_YOUR ASSIGNMENT_
Return the listing exactly as it appears, but strip out the images.

:: RECORDED INFORMATION

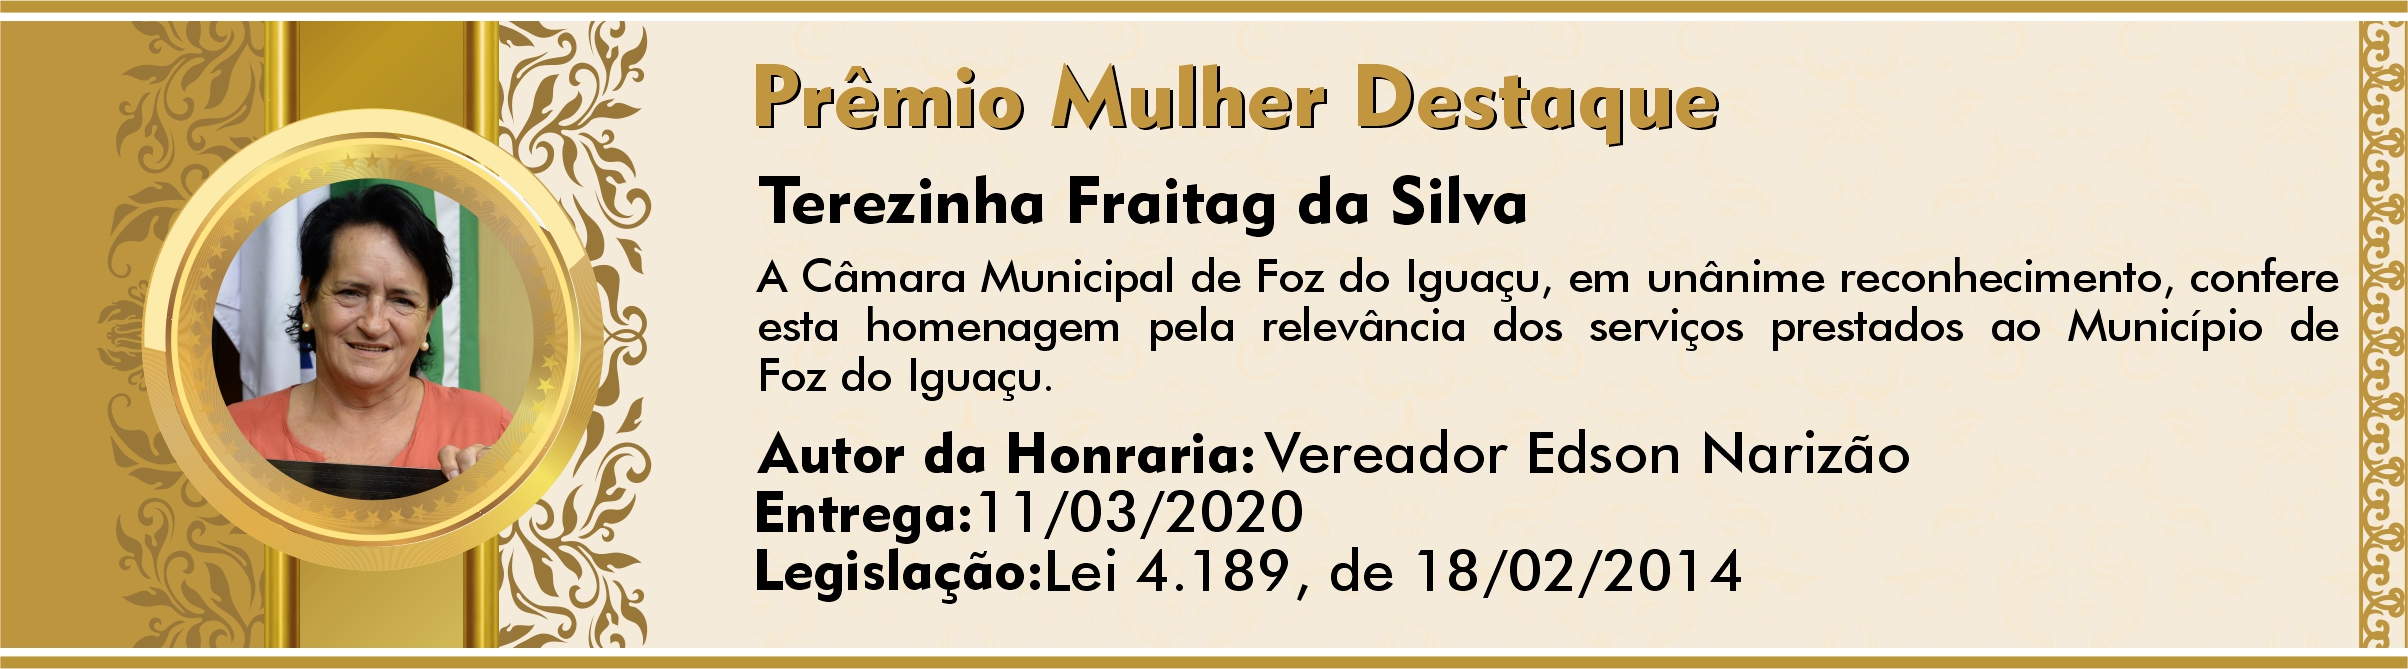 Terezinha Fraitag da Silva
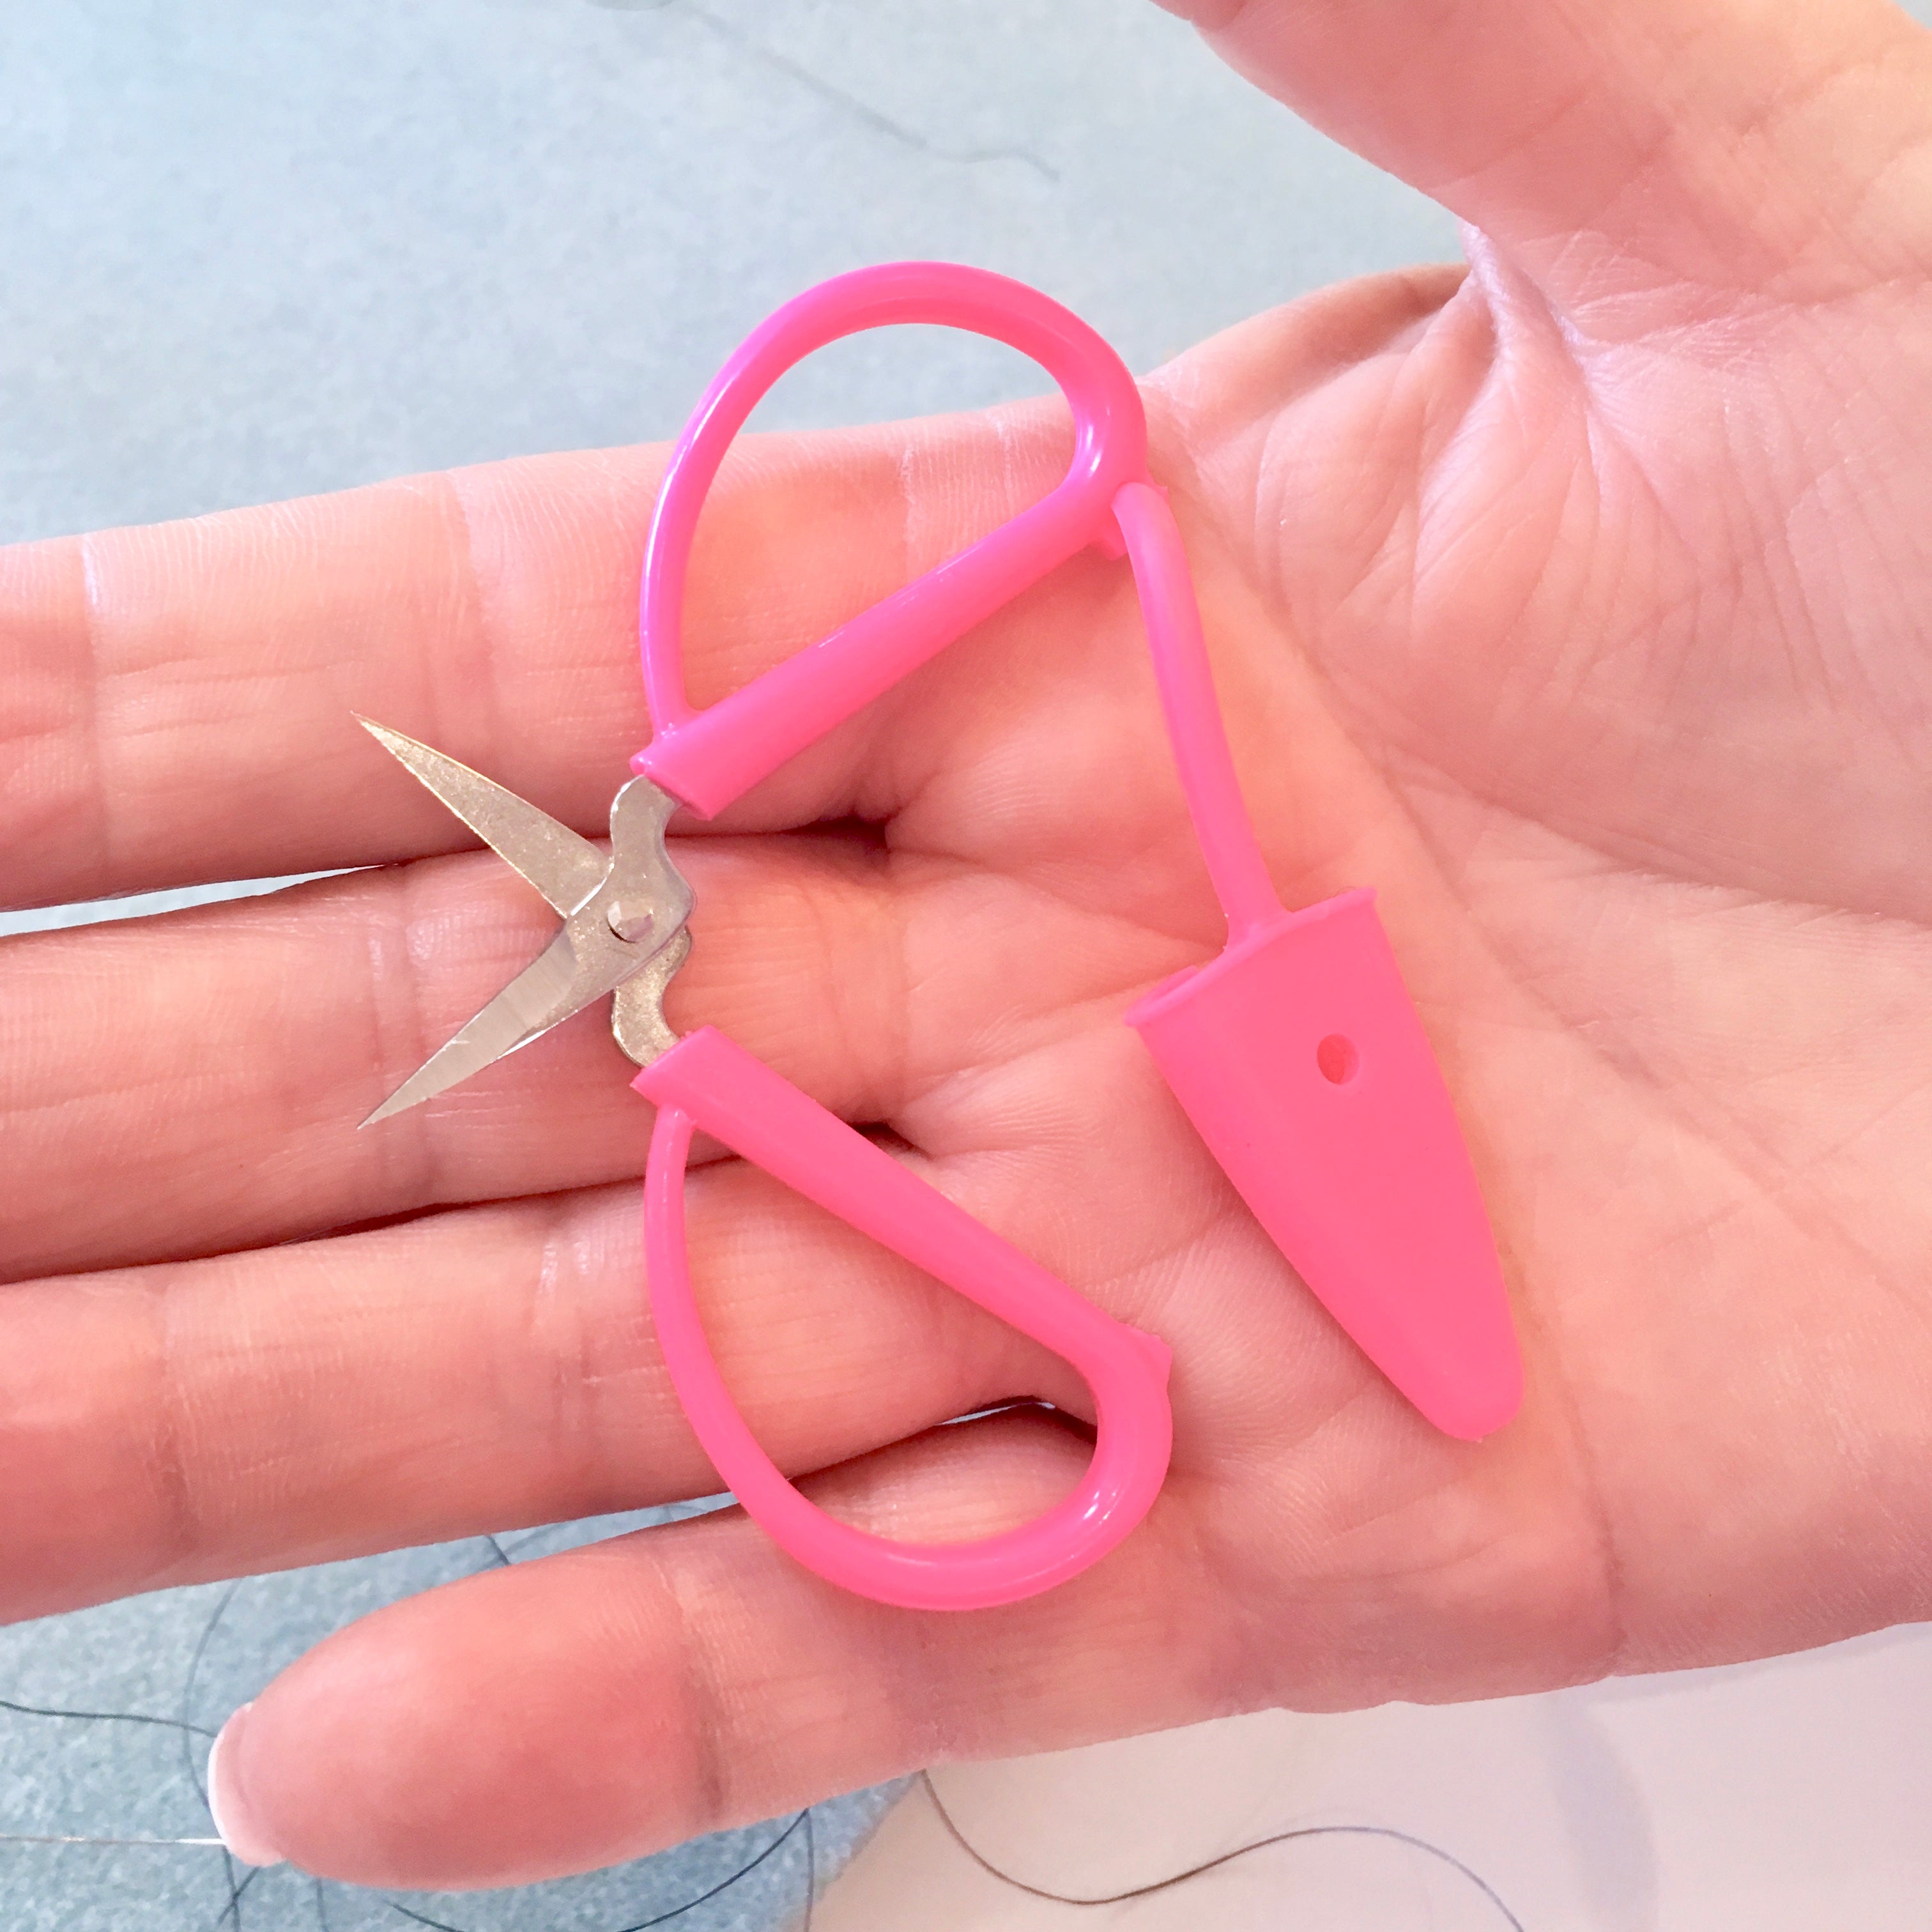 Tiny Travel Scissors, Super Snip Scissors
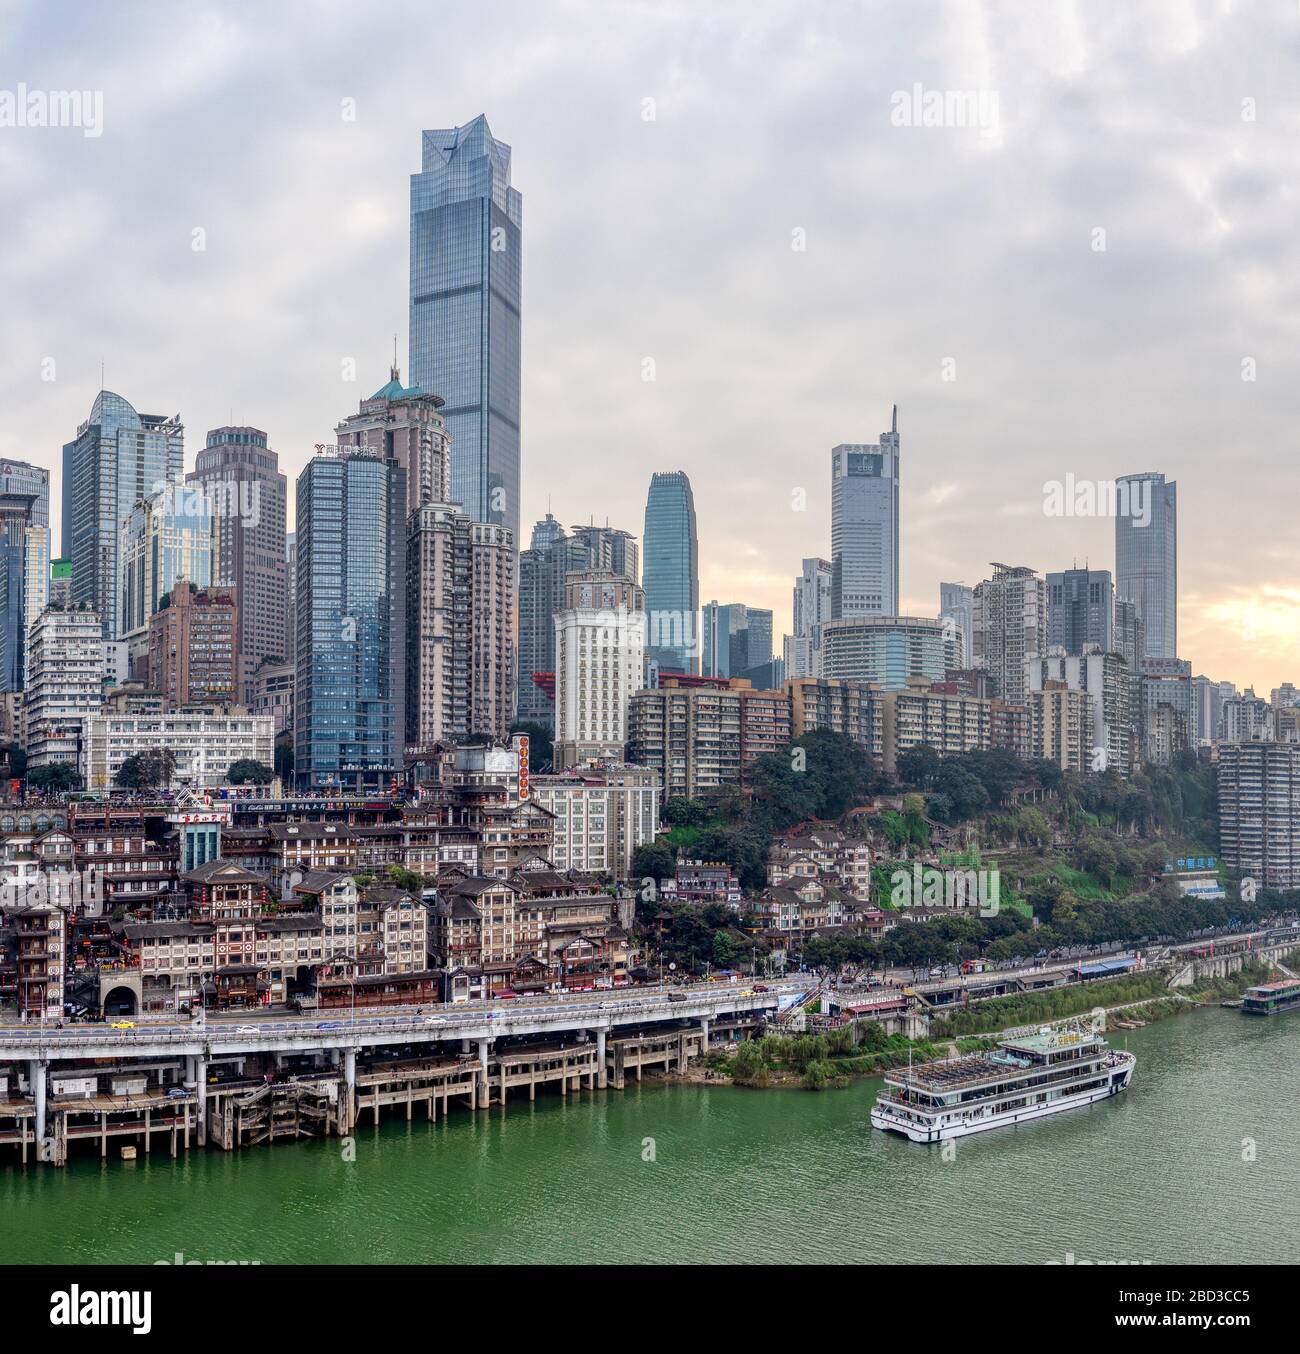 Chongqing, China - Dec 22, 2019: CBD Skyscrapers near Hongya dong cave by Jialing river Stock Photo

::::

_REPLY_
 Terezinha Fraitag da Silva
 Tiny Travel Scissors, Super Snip Scissors
 Chongqing, China - Dec 22, 2019: CBD Skyscrapers near Hongya dong cave by Jialing river Stock Photo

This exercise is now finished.